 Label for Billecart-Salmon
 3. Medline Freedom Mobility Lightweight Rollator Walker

...

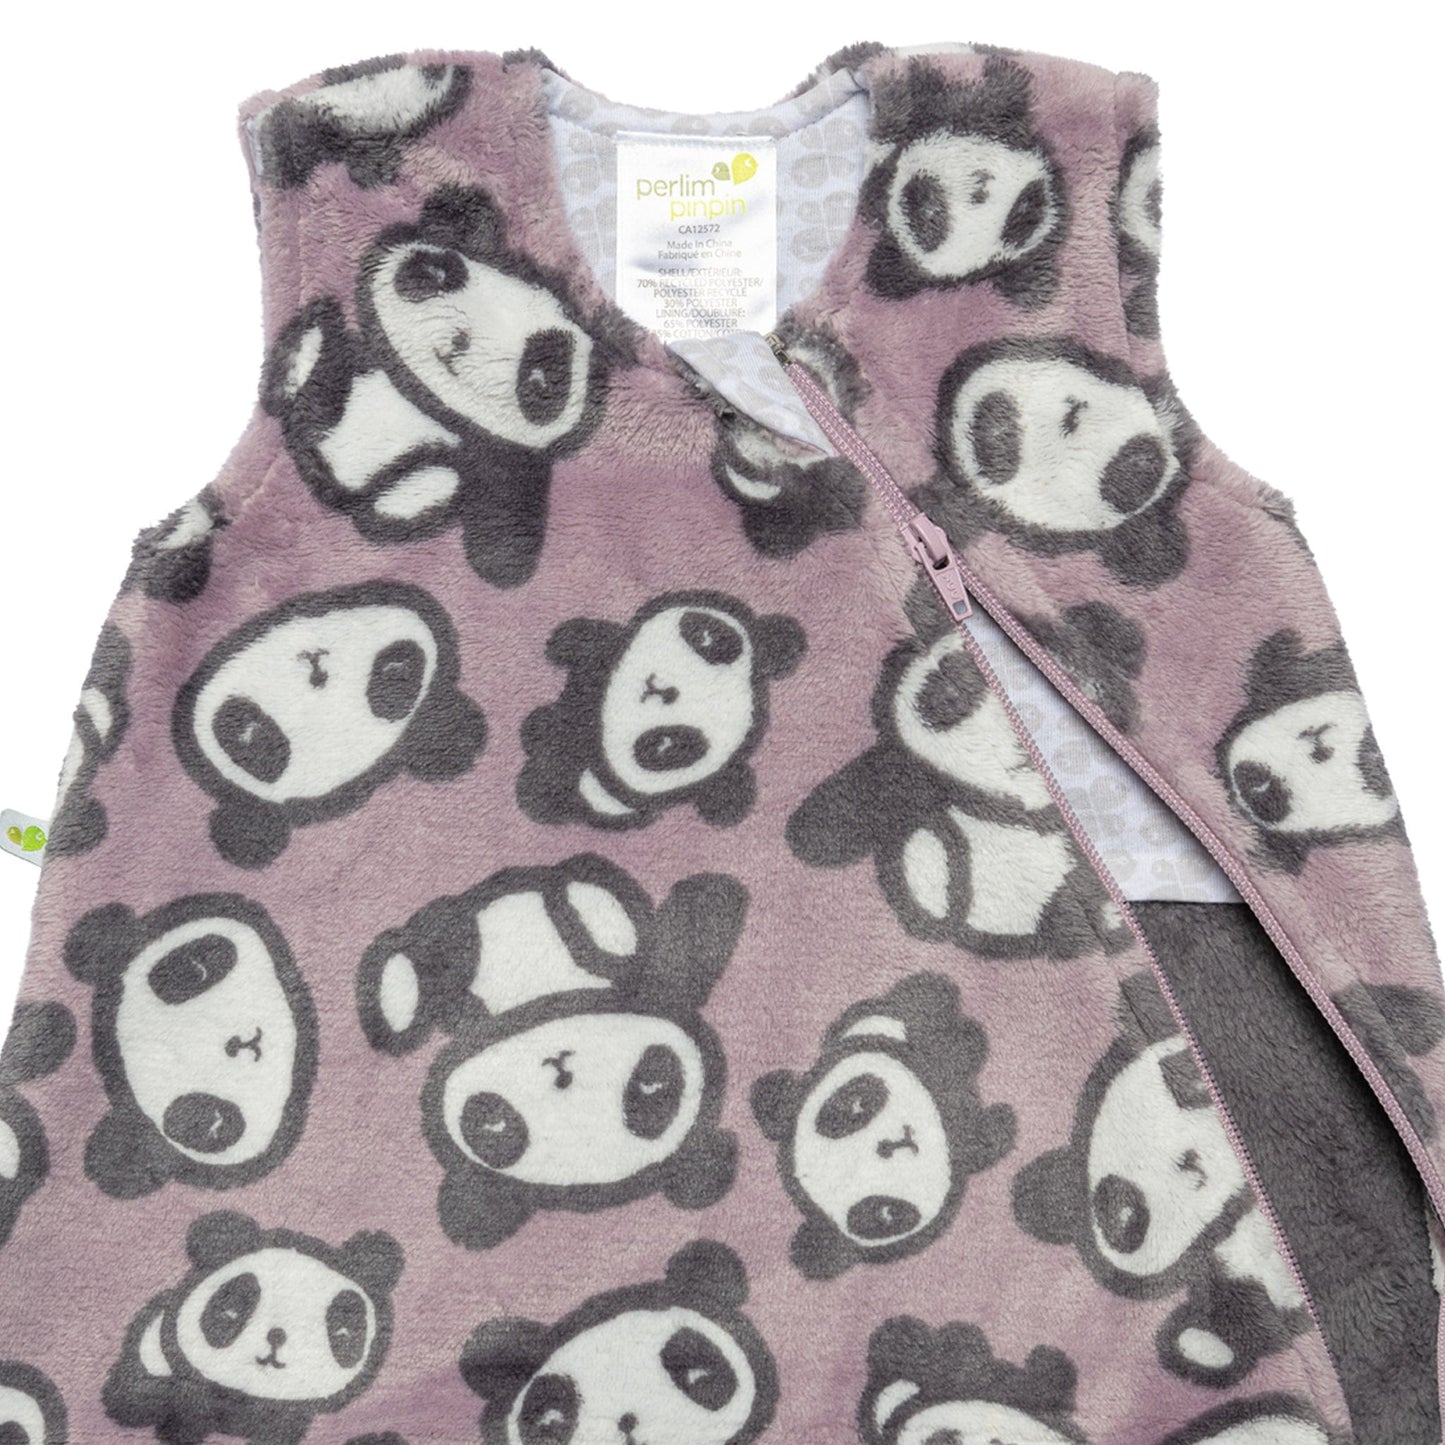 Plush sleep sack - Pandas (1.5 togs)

--

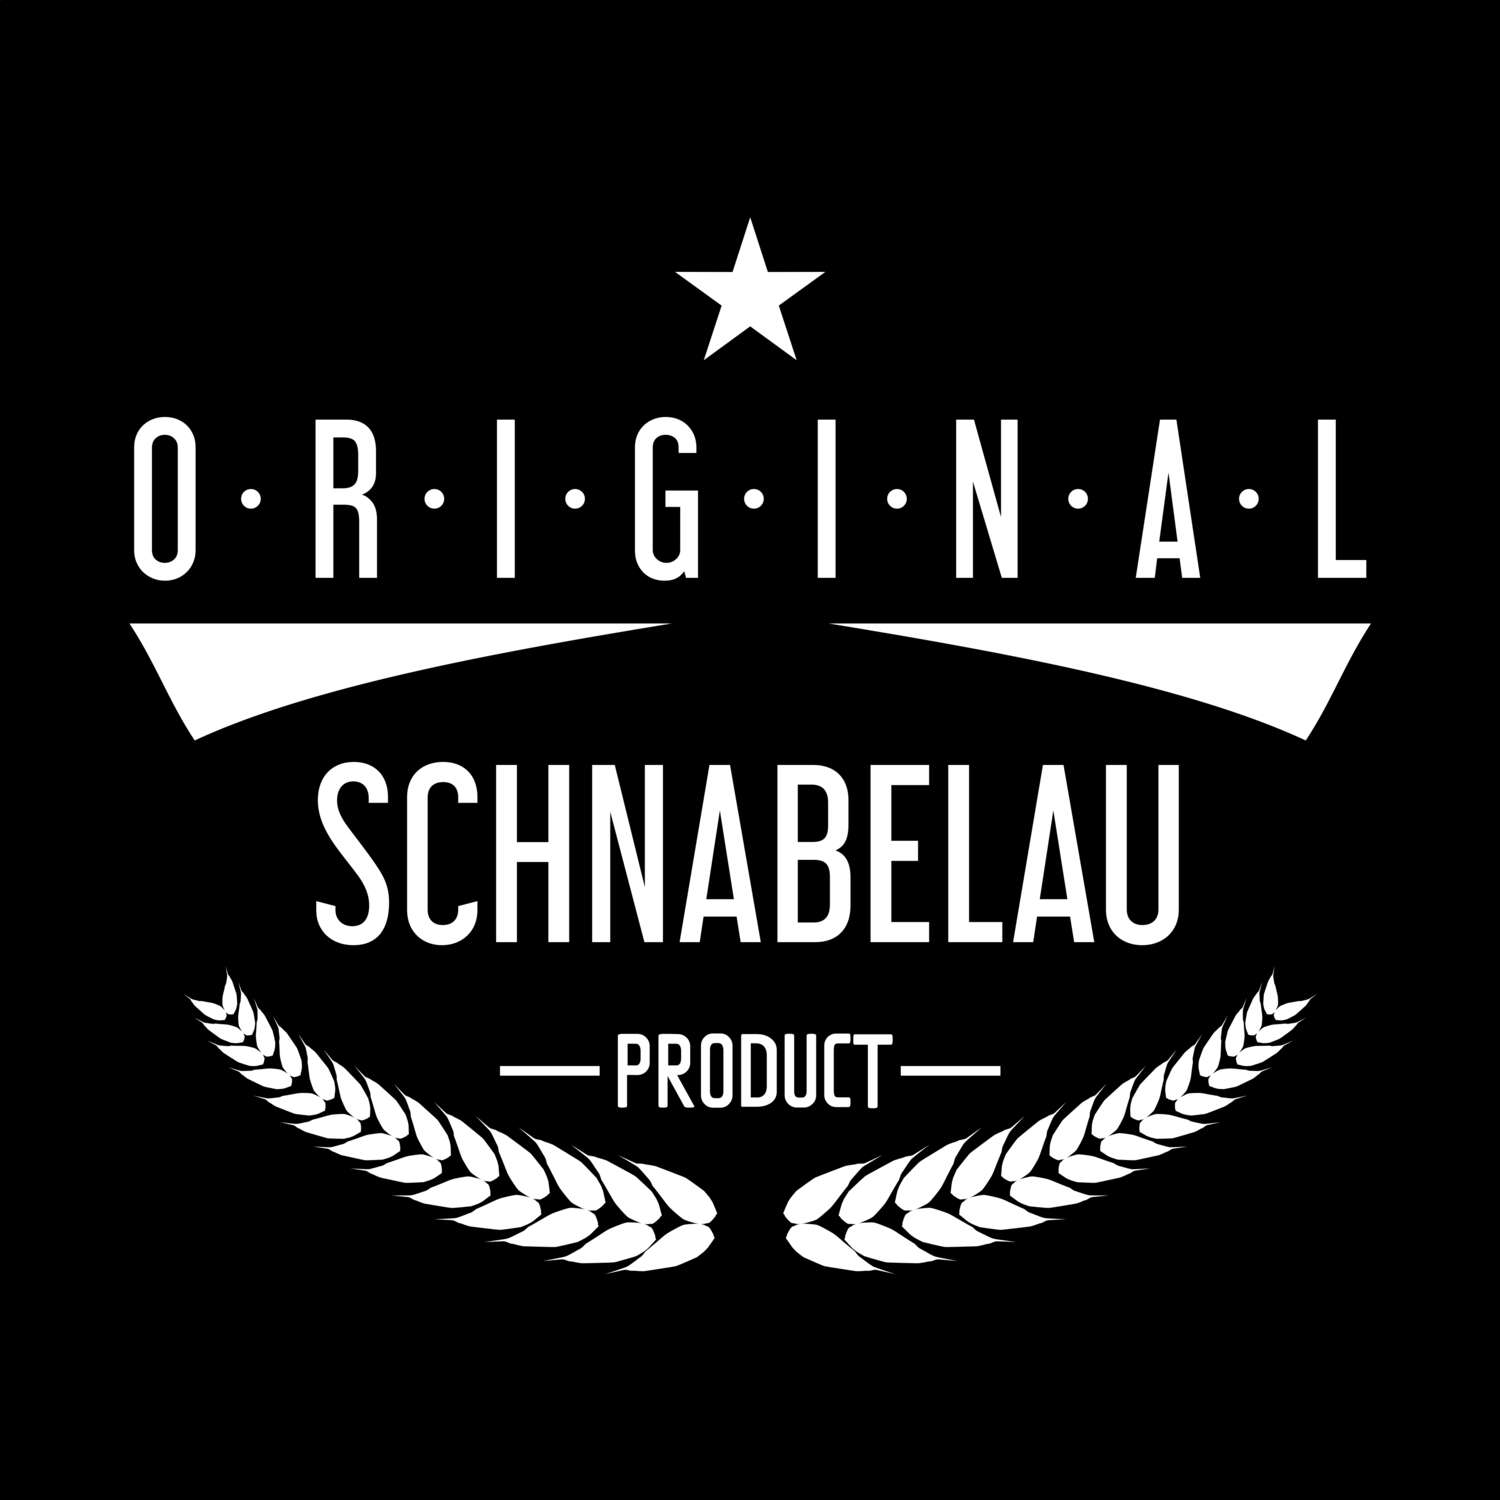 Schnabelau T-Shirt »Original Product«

→ **TASK TO COMPLETE**
Search the listing above for the lines with "Label for Billecart-Salmon" and "3. Medline Freedom", then output those lines and all lines between them exactly.

→ **WORKED SOLUTION**
 Label for Billecart-Salmon
 3. Medline Freedom Mobility Lightweight Rollator Walker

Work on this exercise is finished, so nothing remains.